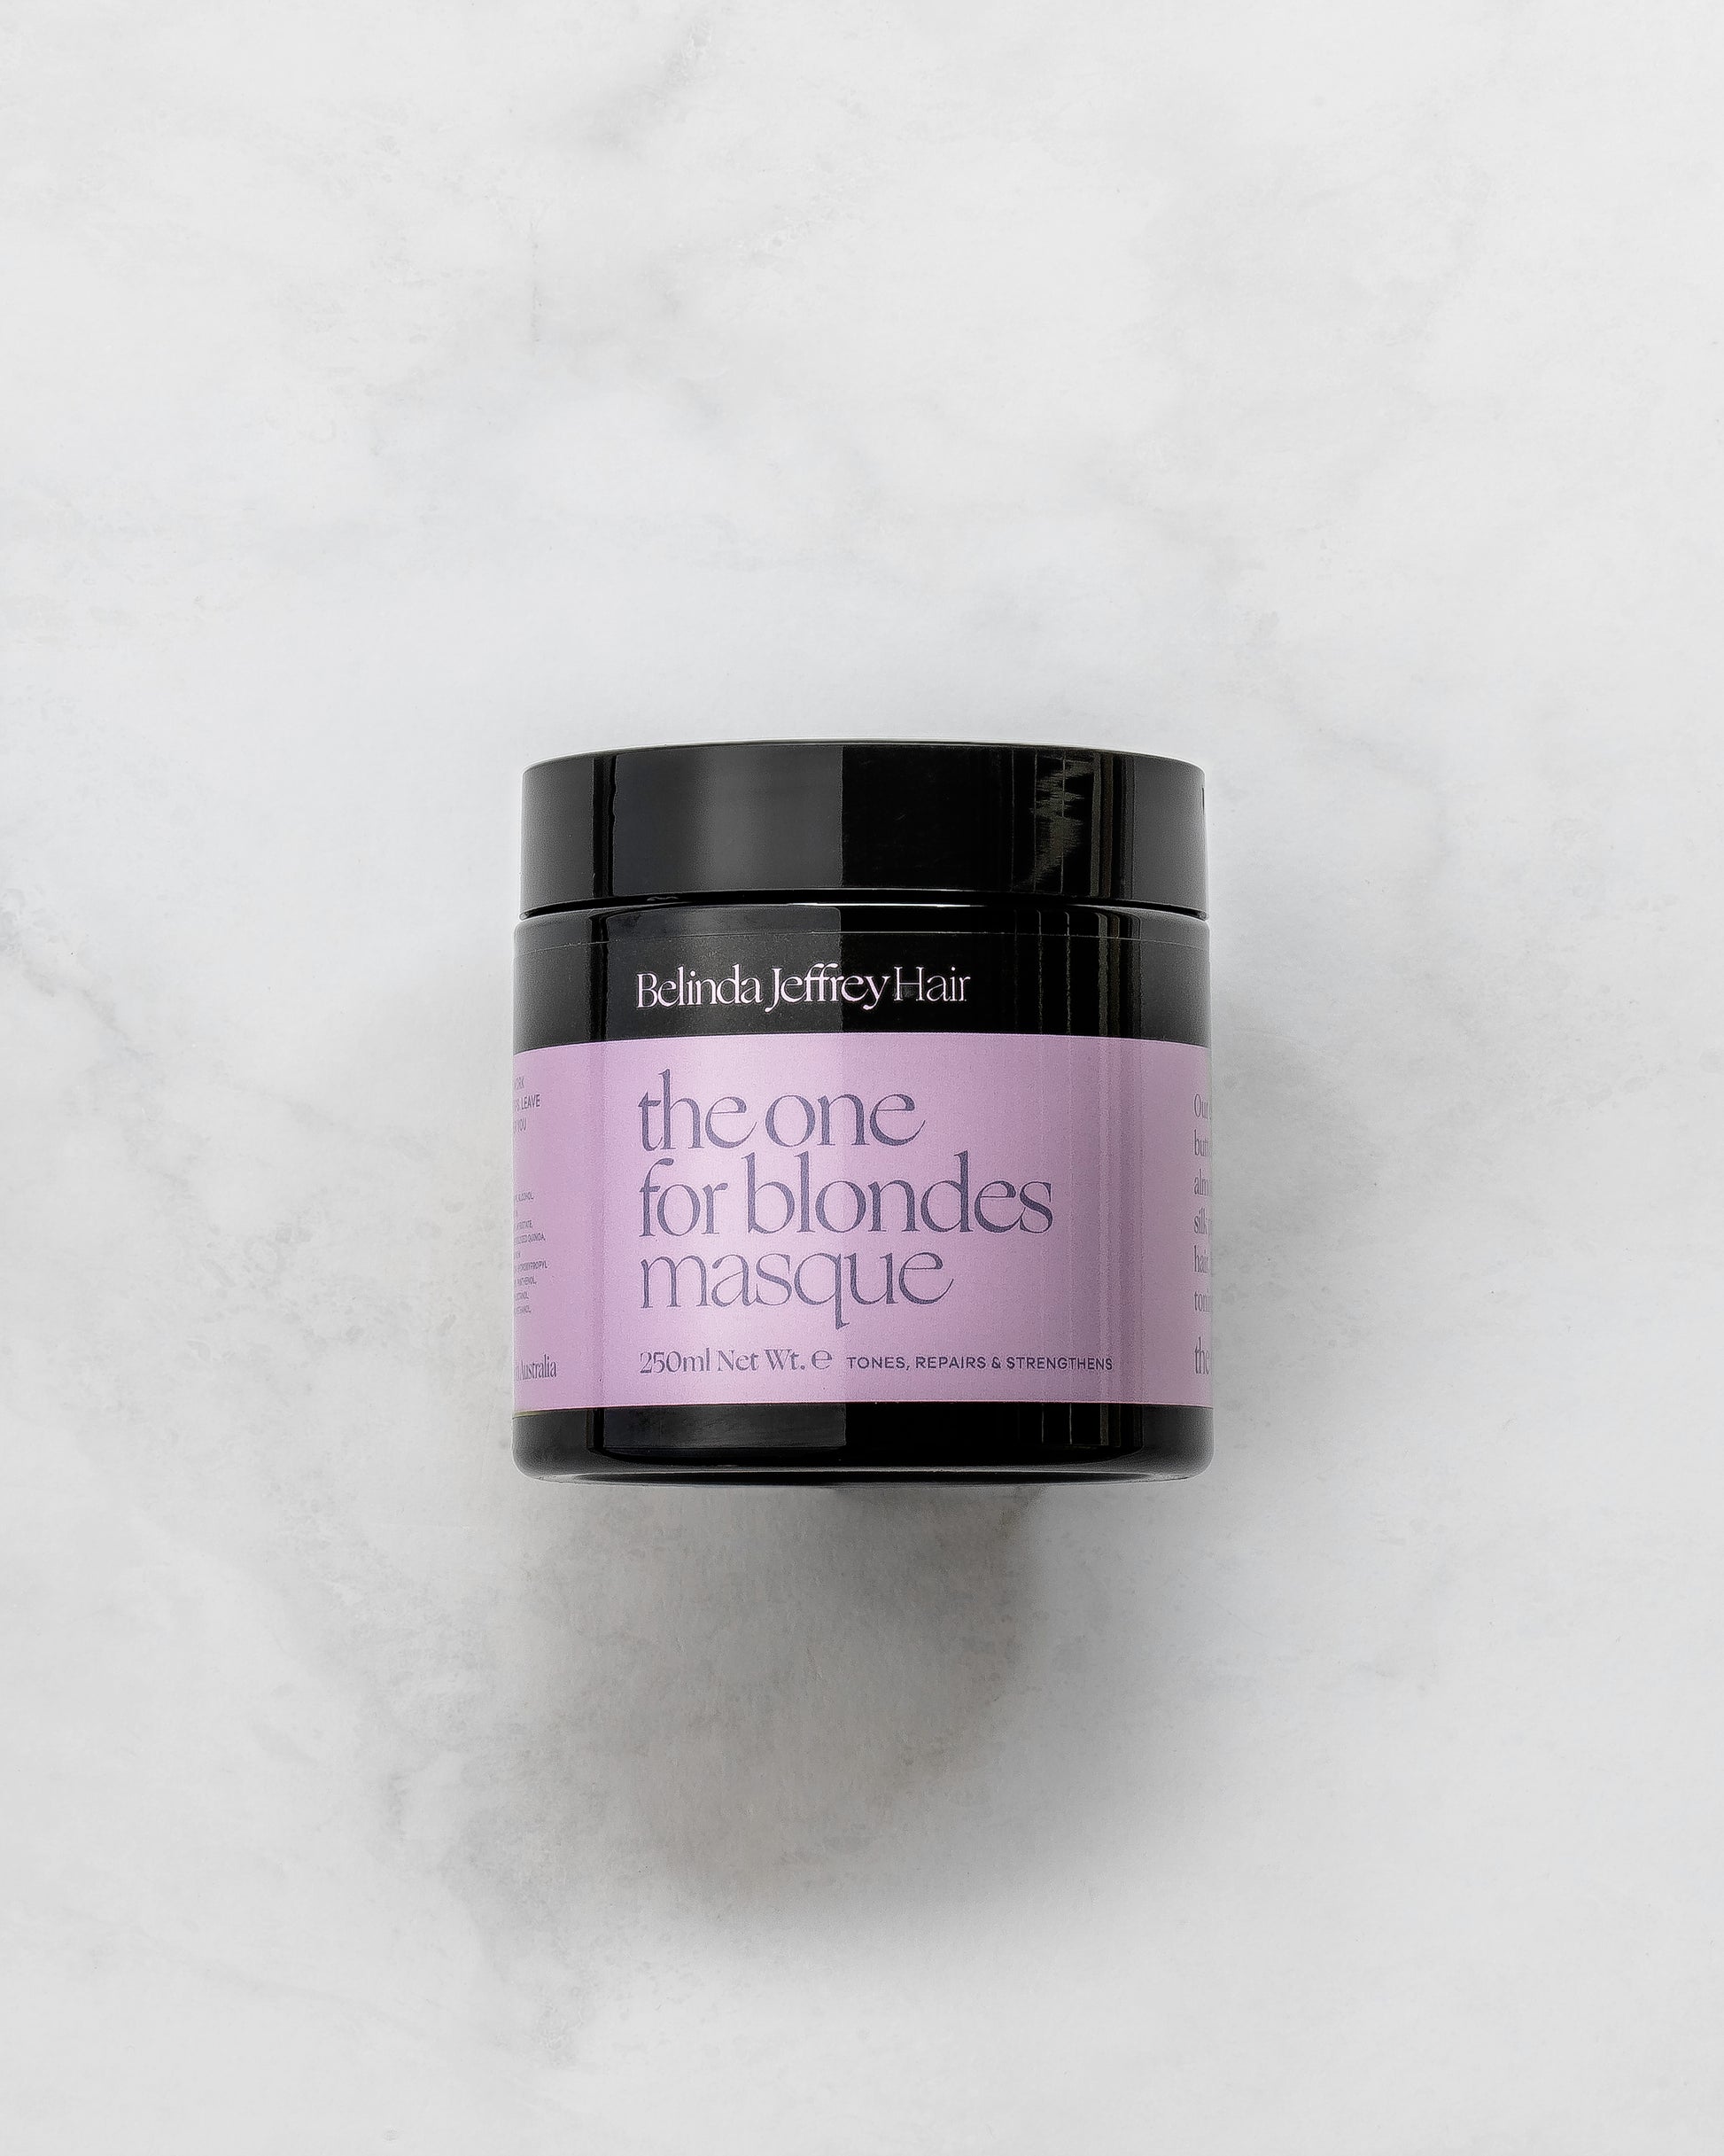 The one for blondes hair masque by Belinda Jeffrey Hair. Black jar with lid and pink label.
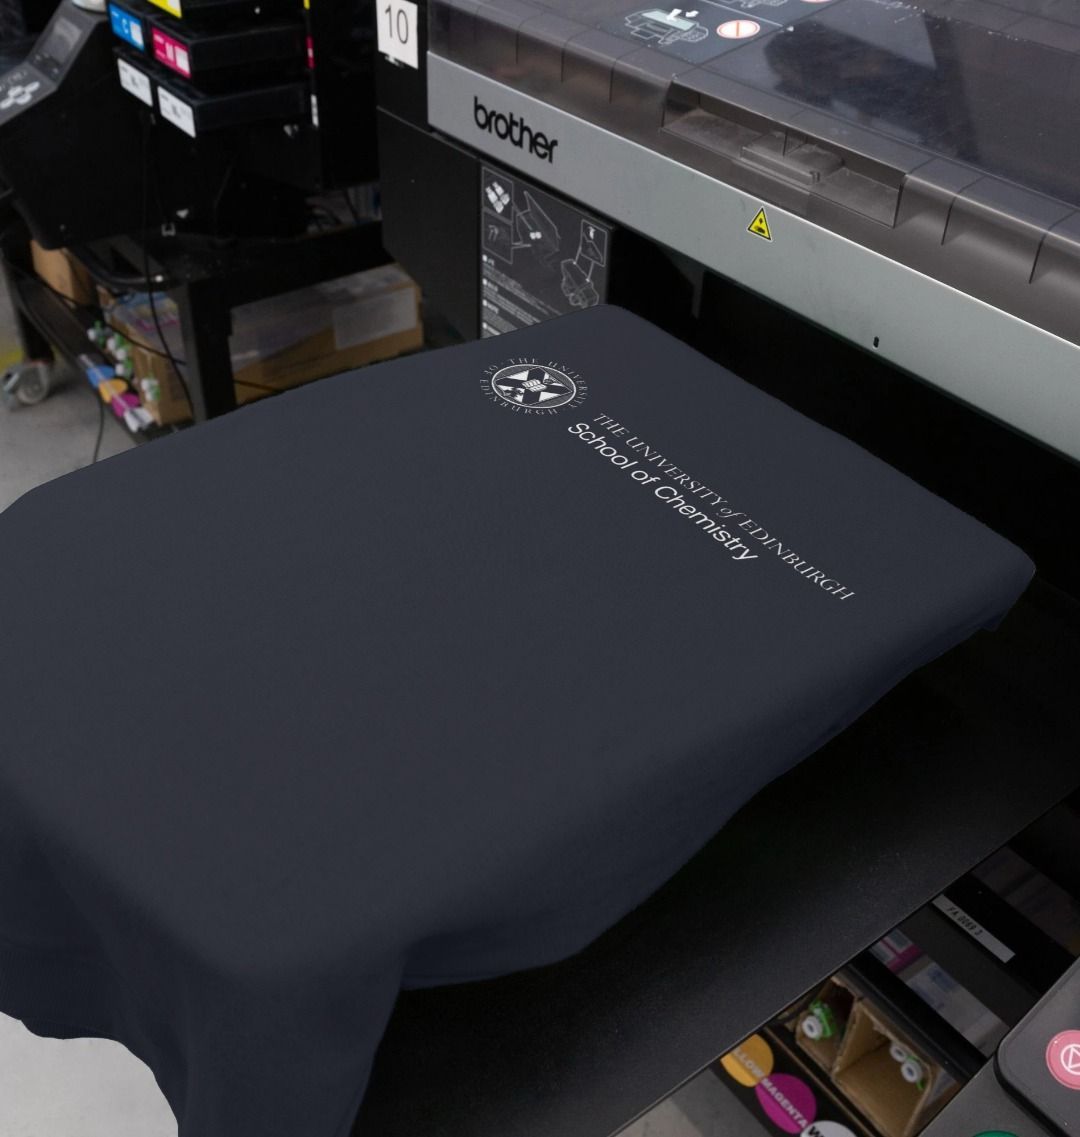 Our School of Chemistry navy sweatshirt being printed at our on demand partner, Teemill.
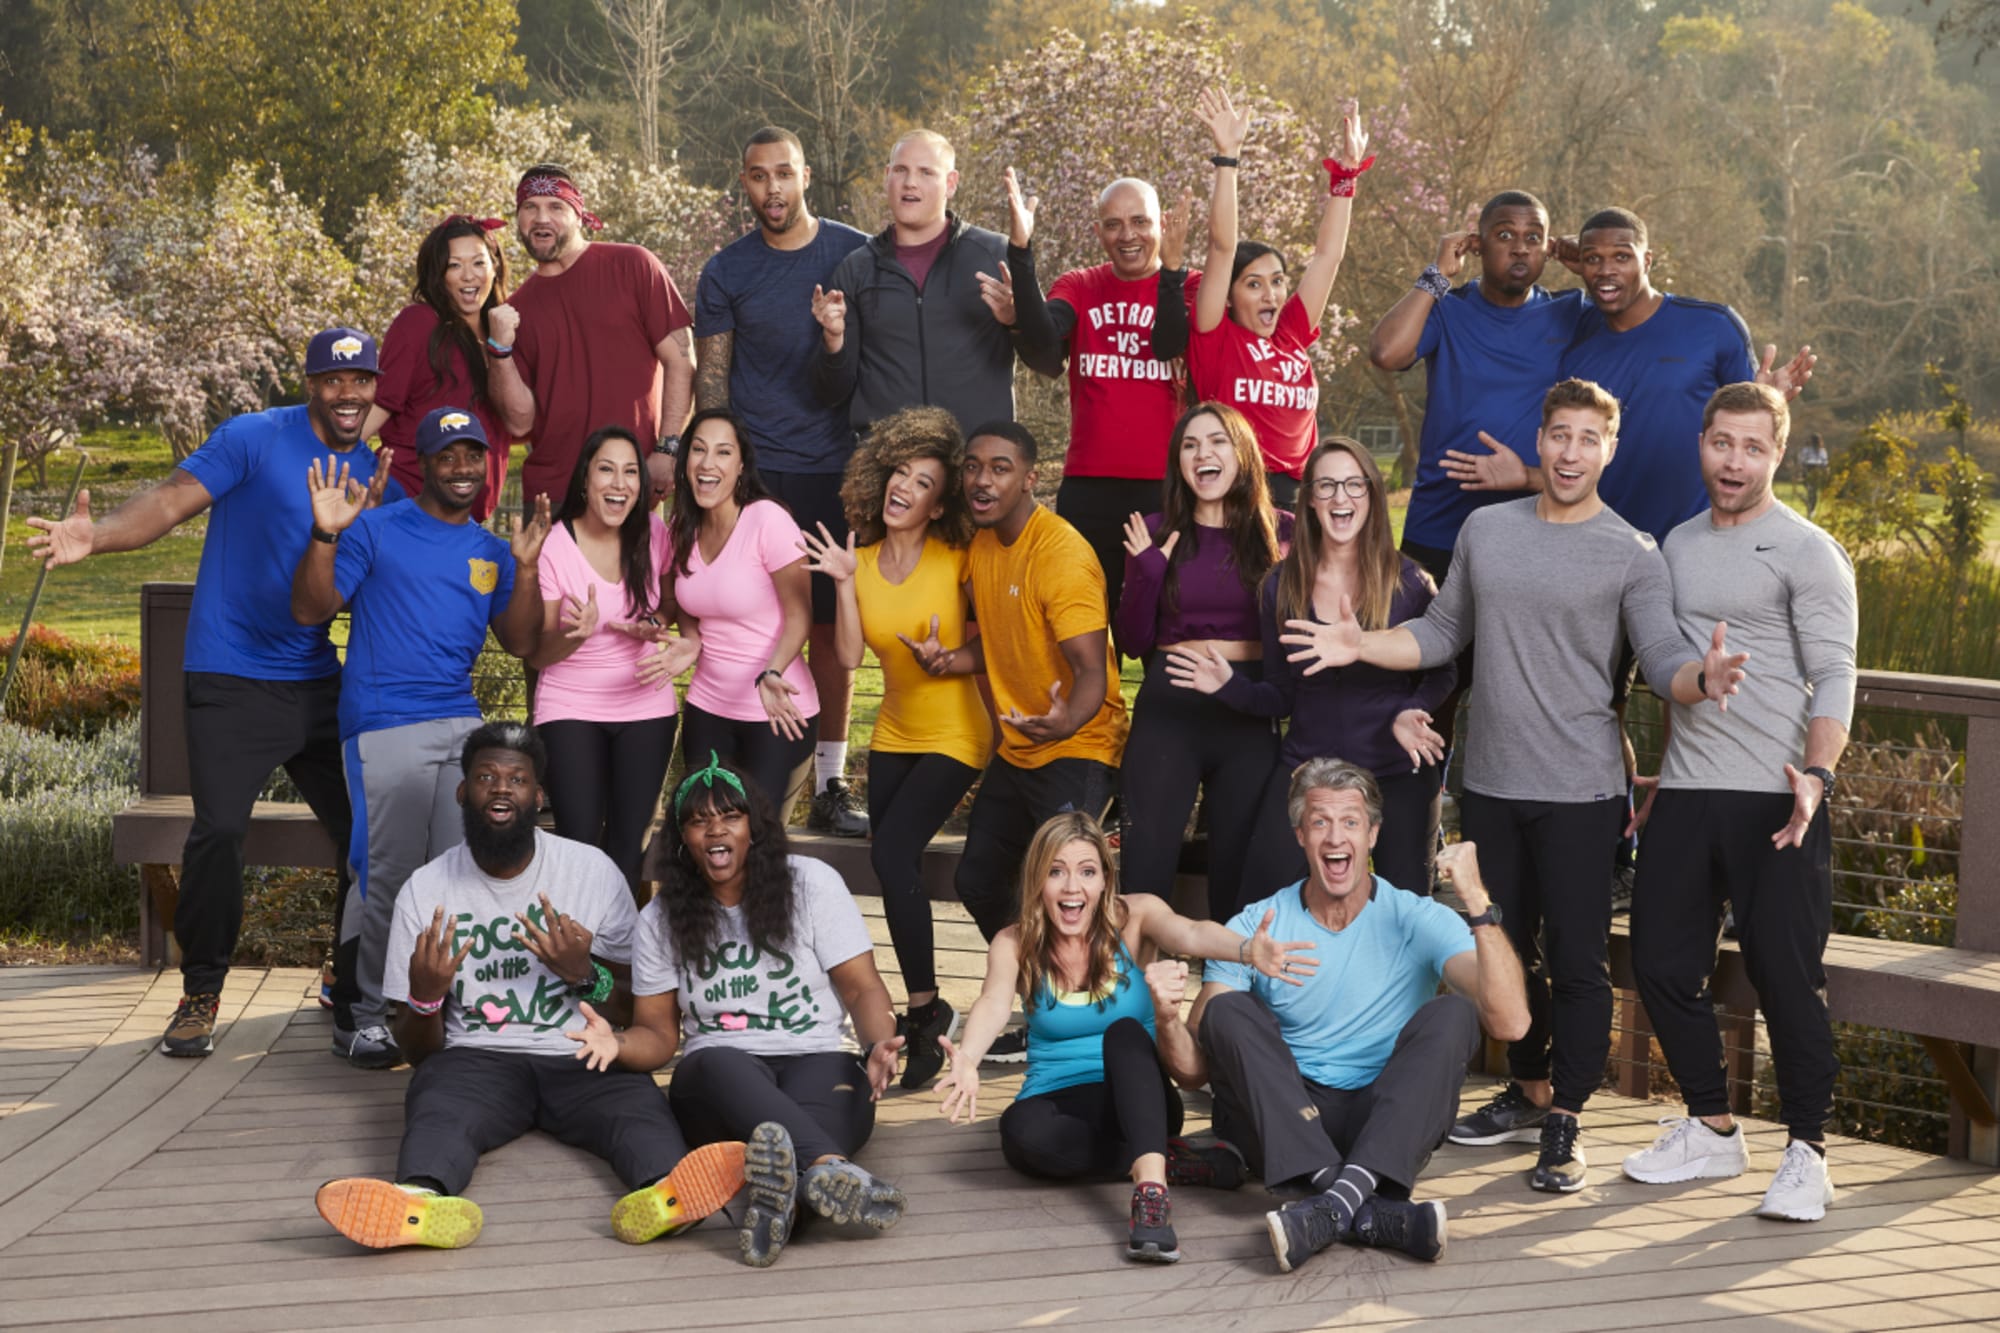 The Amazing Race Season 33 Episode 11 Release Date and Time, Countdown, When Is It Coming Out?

§ §

* _Work to be completed_: Could you write out exactly the lines from the line containing "Our School of" to the end of the material, and nothing else? No pictures belong in the copy.

* _Response_:
 Our School of Chemistry navy sweatshirt being printed at our on demand partner, Teemill.
 The Amazing Race Season 33 Episode 11 Release Date and Time, Countdown, When Is It Coming Out?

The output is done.